Et bien non, voilà une autre petite entorse à la règle, cet étonnant petit gyokuro de Uji-Tawara. Double exception puisque je suis souvent sceptique devant les gyokuro issus de récoltes mécaniques, comme celui-ci.

Les arômes de ce thé m'ont complètement charmés. Je dirais qu'il n'est pas à prendre comme un gyokuro, mais simplement comme un thé vert étuvé japonais assez unique et franchement délicieux. Il provient plus exactement de Zenjôji, une zone de production historique de Uji-Tawara, d'une des dernière petites plantations que le vétéran M. Motomasa exploite encore lui-même du fait de son âge avancé. Le thé fut fabriqué aussi à Zenjôji dans l'usine coopérative Kuwahara. Cette dernière est célèbre car les thés qui en sortent ont tous des arômes uniques, sans que l'on en connaissent la raison. On sait que cette usine est ancienne, très haute de plafond, qu'on y utilise des machines anciennes, et qu'on n'y prête guère d'importance à la forme des feuilles.

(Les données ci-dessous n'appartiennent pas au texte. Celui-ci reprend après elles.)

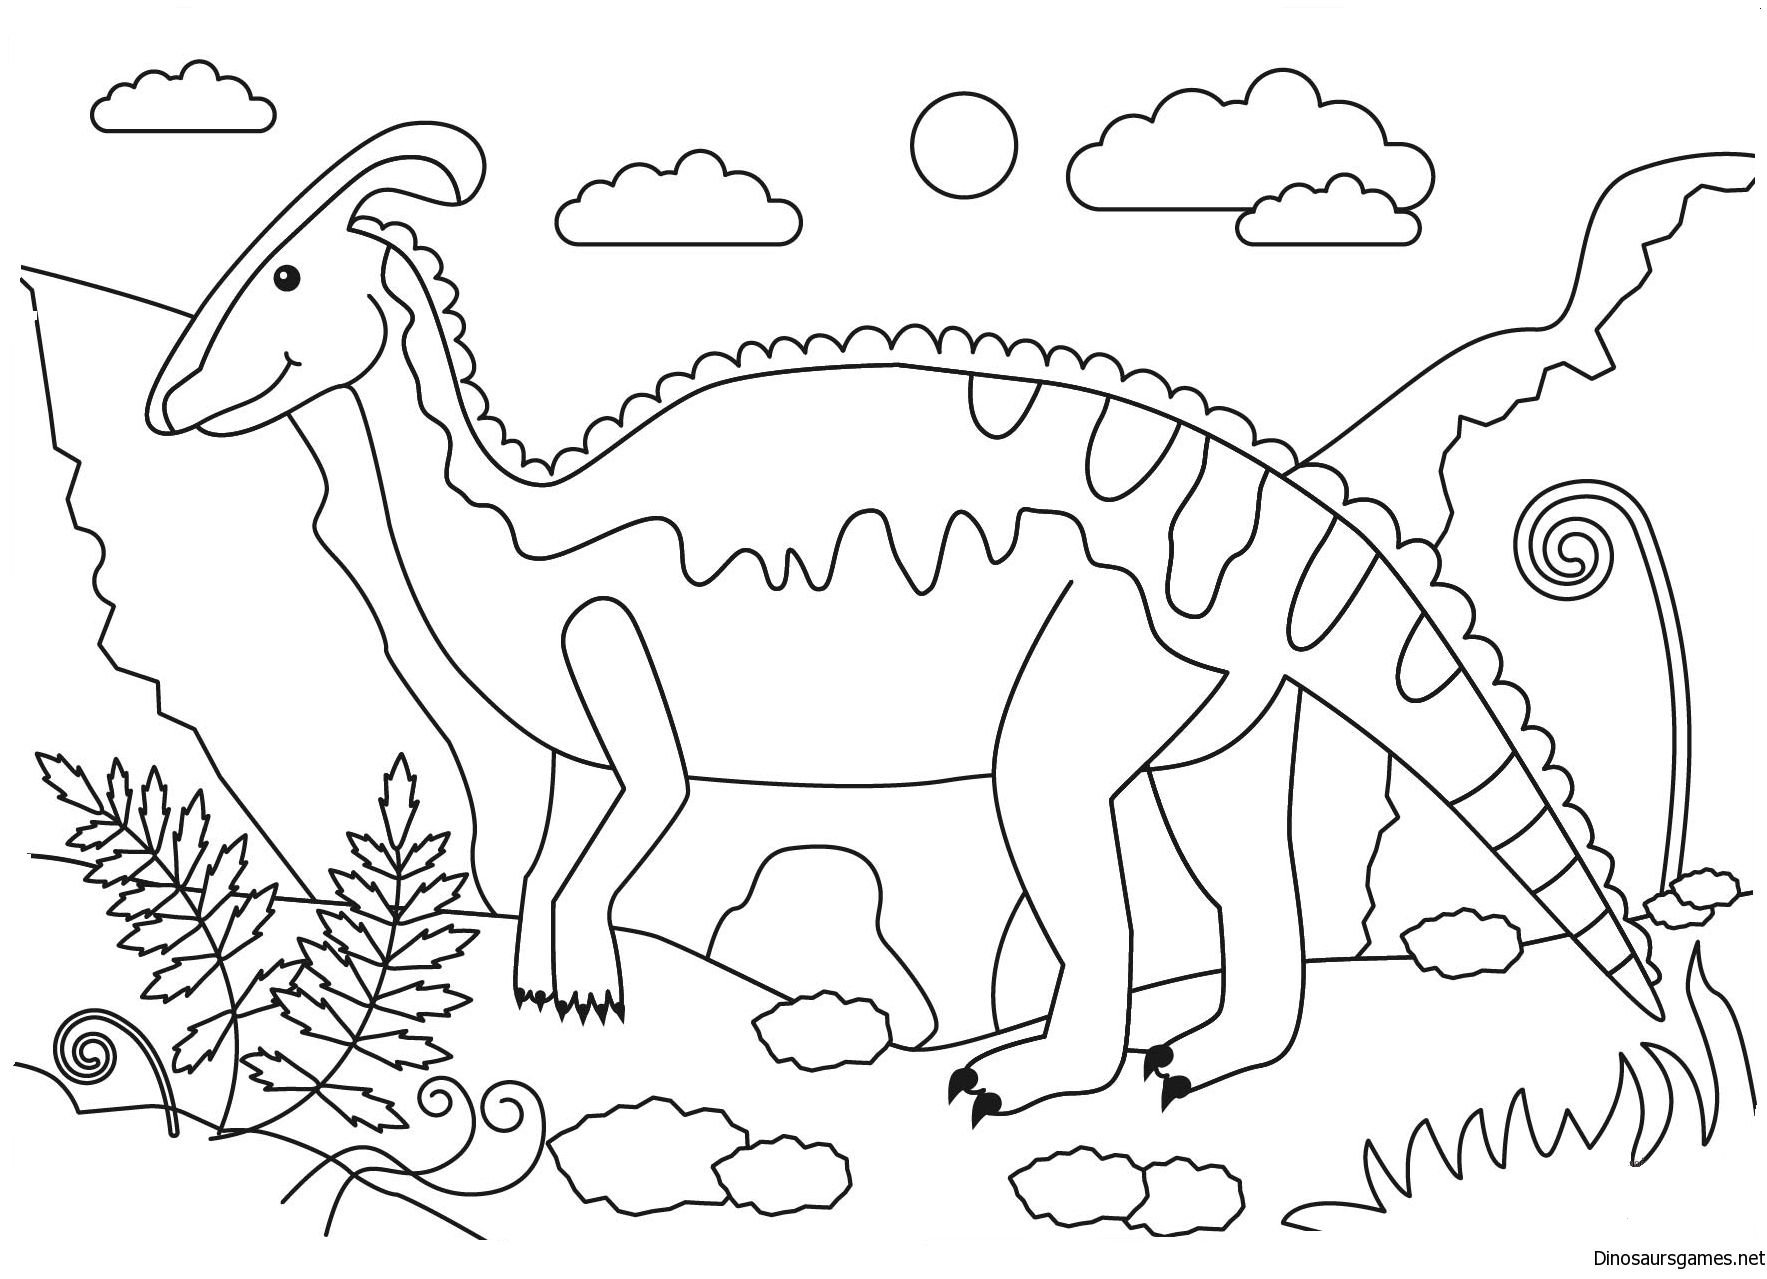 Динозавры для раскрашивания. Динозавры / раскраска. Динозавр раскраска для детей. Динозаврики раскраска для детей. Динозавры для раскрашивания детям.

Pour la première infusion, je propose environ 4-5g de feuilles pour 40-50 ml d'eau. Un peu léger pour un gyokuro, mais cela reste un dosage très généreux comparé à une préparer de sencha. Eau à 60°C environ pour 90s d'infusion.

Le parfum est alors léger, mais très agréable, avec le contraste sucré végétal classique d'un gyokuro, avec en plus quelque chose de différent, encore assez difficile à saisir, mais pourtant envoutant. En bouche, le thé a évidemment de l'impact et de la présence. L'umami est bien sûr fort, sans donner dans le bouillon non plus, il y a aussi un peu d'astringence. Les arômes à la fois végétaux et doux sont déjà complexes, mais dans les grandes lignes on a affaire à un excellent petit gyokuro, puissant mais sans lourdeur, et comme porté par des arômes qui ne demandent qu'à se relever en plein jour.

Qu'à cela ne tiennent, pour la seconde infusion, je passe de suite à 80°C environ, une quinzaine de secondes. Et là en effet, tout est beaucoup clair, riche, complexe. Sur le végétal d'un thé ombré on a aussi du fruité, une touche de vanille, quelque de muscé. En bouche, l'impact est plus grand encore. L'astringence reste très discrète, et une douceur umami forte mais gracieuse tapisse la bouche. On ressent des arômes de citron aussi. Les retours à la fois doux et frais sont très puissant et la longueur formidable.

La troisième infusion un peu plus chaude encore, plus longue (une minute ?) ne déçoit. C'est toujours aussi riche, je dirais que l'astringence semble plus discrète encore, avec toujours cette douceur si élégante et agréable, tout en étant d'une rare puissance. On a maintenant de manière plus forte des saveurs de légumes cuits type haricot vert, du poivron vert aussi, toujours cette sensation muscée dans les parfums. Il y a toujours beaucoup d'ampleur en bouche.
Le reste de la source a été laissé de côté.